However, while the exact source is not known, the ChatGPT model is trained by collecting data from a variety of sources on the Internet, and given the sheer volume, it is virtually impossible to identify and inform individuals of the relevant processing, or to make a statement regarding the processing of personal data. There are third-party rights to the training dataset; how can the processing and use of the data be licensed by the rights holders? Instead, it can be assumed that personal data found on the internet is processed through models. This therefore effectively excludes the data subject's right to information under Article 13 of the GDPR.There is a fundamental mismatch between data consumption models such as ChatGPT and the protection of individuals under data protection law, and this prevalence also means that the data subject's other rights, such as the right to rectification (Article 16 of the GDPR) or the right to erasure (Article 16 of the GDPR), remain only on paper and cannot be enforced. The collective harm caused by the almost unlimited grabbing of personal data from the Internet transcends the dimension of the individual. In the case of predictive models that utilize the collective database of millions of users, not only do users have no control over it, but they are also unable to utilize their own data.One question that exists for ChatGPT is whether or not it complies with the right to be forgotten in Article 17 of the GDPR, which completely removes personal data from the model when requested by an individual. The difficulty with generative AI implementing the right to be forgotten is that the data created by these systems is persistent, and natural language processing generates responses based on the data collected, making it nearly impossible to remove all traces of personal information. It is uncertain whether ChatGPT or other generative AI models will be able to comply with the right to be forgotten under Article 17 of the GDPR. In addition, there is a fundamental conflict between the right to privacy and an individual's right to demand an explanation when affected by automated decision-making. Machine learning is a data-driven model matching process based on large data sets. When data subjects demand accurate and truthful explanations of automated decisions, it means that the training data must be viewed (rather than anonymized or partial) thereby violating the privacy rights of the subjects from whom the training data originated.
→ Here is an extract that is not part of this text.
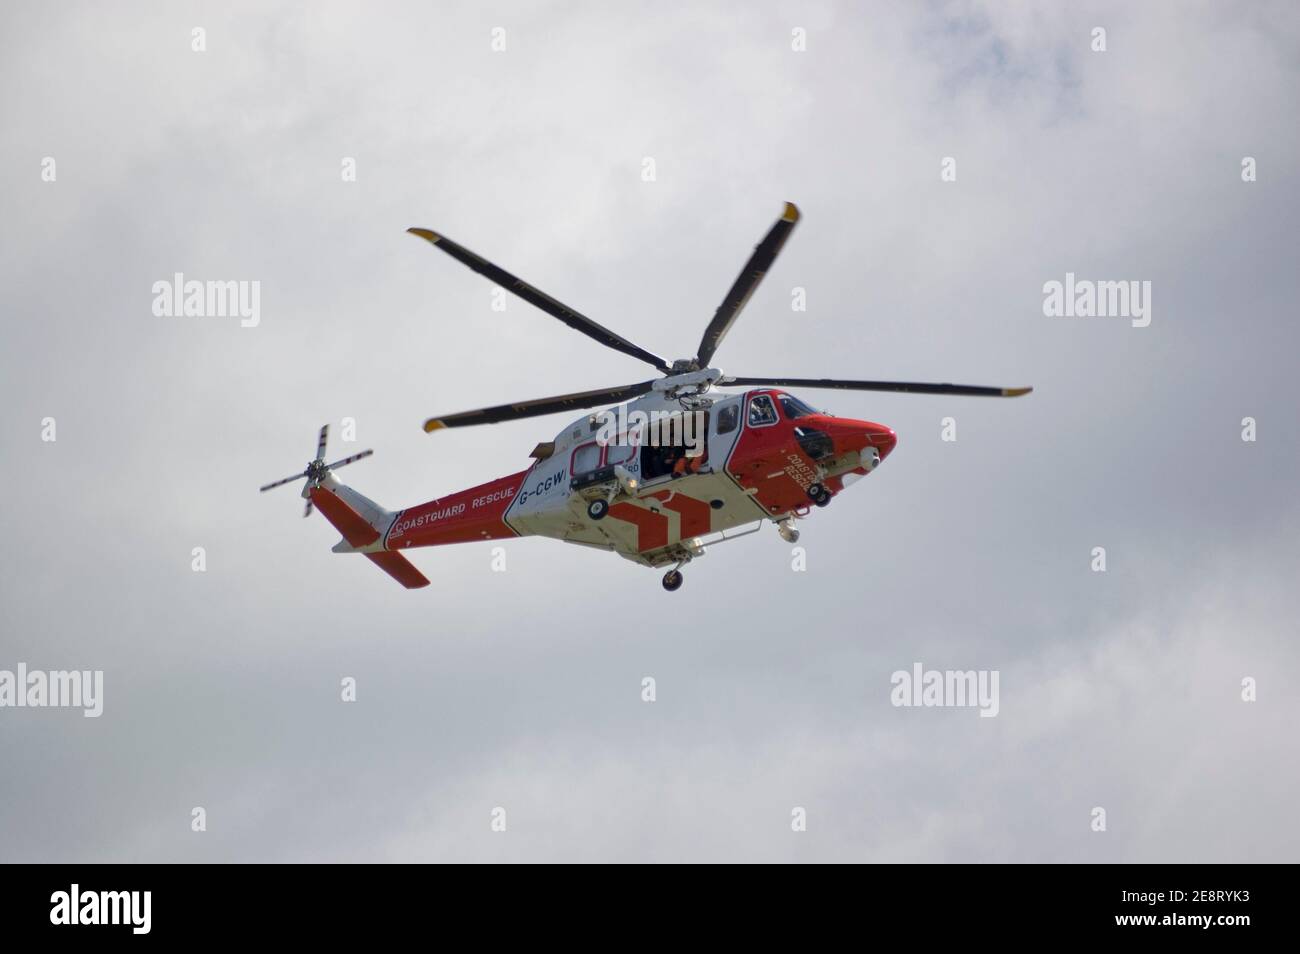 PORTLAND, DORSET, ENGLAND - AUGUST 31: Portland Coastguard Helicopter fliegt am 31 2012. August über dem Himmel. Der Agusta Westland Hubschrauber soll l Stockfoto

1.5 Issues of Unlawful Bias and Discrimination
Training data is a major source of algorithmic discrimination. Real-world cases in fields such as facial recognition, AI recruitment, and personalized advertising illustrate this point. If the data quality for a specific protected group is generally adversely affected, the risk of discrimination partially correlates with data quality risk or may even be a consequence of it. In the operation of ChatGPT’s algorithmic model, the “machine learning + human annotation” technique serves as the core of the algorithm, fundamentally supporting the goal of generative AI. This combination aims to enhance ChatGPT’s intelligence and accuracy, but it simultaneously increases the legal risks associated with algorithmic bias. The joint use of machine learning and human annotation amplifies the impact of human will and preference compared to previous pure machine learning frameworks, as the influence of personal preferences from human annotation layers atop the inherent biases in machine learning algorithms, resulting in a compounded negative effect from algorithmic bias. Consequently, the sources of algorithmic bias become more varied and difficult to trace and prevent. The U.S. Consumer Financial Protection Bureau (CFPB), the U.S. Department of Justice (DOJ), the Equal Employment Opportunity Commission (EEOC), and the Federal Trade Commission (FTC) issued a joint statement on law enforcement efforts opposing discrimination and bias in automated systems, suggesting that such systems may involve unlawful discrimination in violation of federal law. Many automated systems analyze vast data to identify patterns or correlations, which are then applied to new data to perform tasks, make recommendations, or predict outcomes. While these tools are in operation, they may yield discriminatory outcomes that violate the law, often stemming from biases in data and datasets, models, design, or use. Insufficiently representative or imbalanced datasets that include historically discriminatory or otherwise erroneous data may contribute to discrimination.
2. Data Governance Pathways for the Training Phase of Generative AI
In terms of data governance pathways for the training phase of generative AI, typical countries and regions like the EU and the United States are exploring different approaches. The EU’s Artificial Intelligence Act adopts a classification-based, hierarchical approach that emphasizes transparency in training data. The United States, in contrast, favors a pragmatic attitude prioritizing industry development, with data governance pathways largely relying on industry and corporate self-regulation. The U.S. takes an active stance on the use of publicly available personal information and is also exploring exemptions for the collection of public data.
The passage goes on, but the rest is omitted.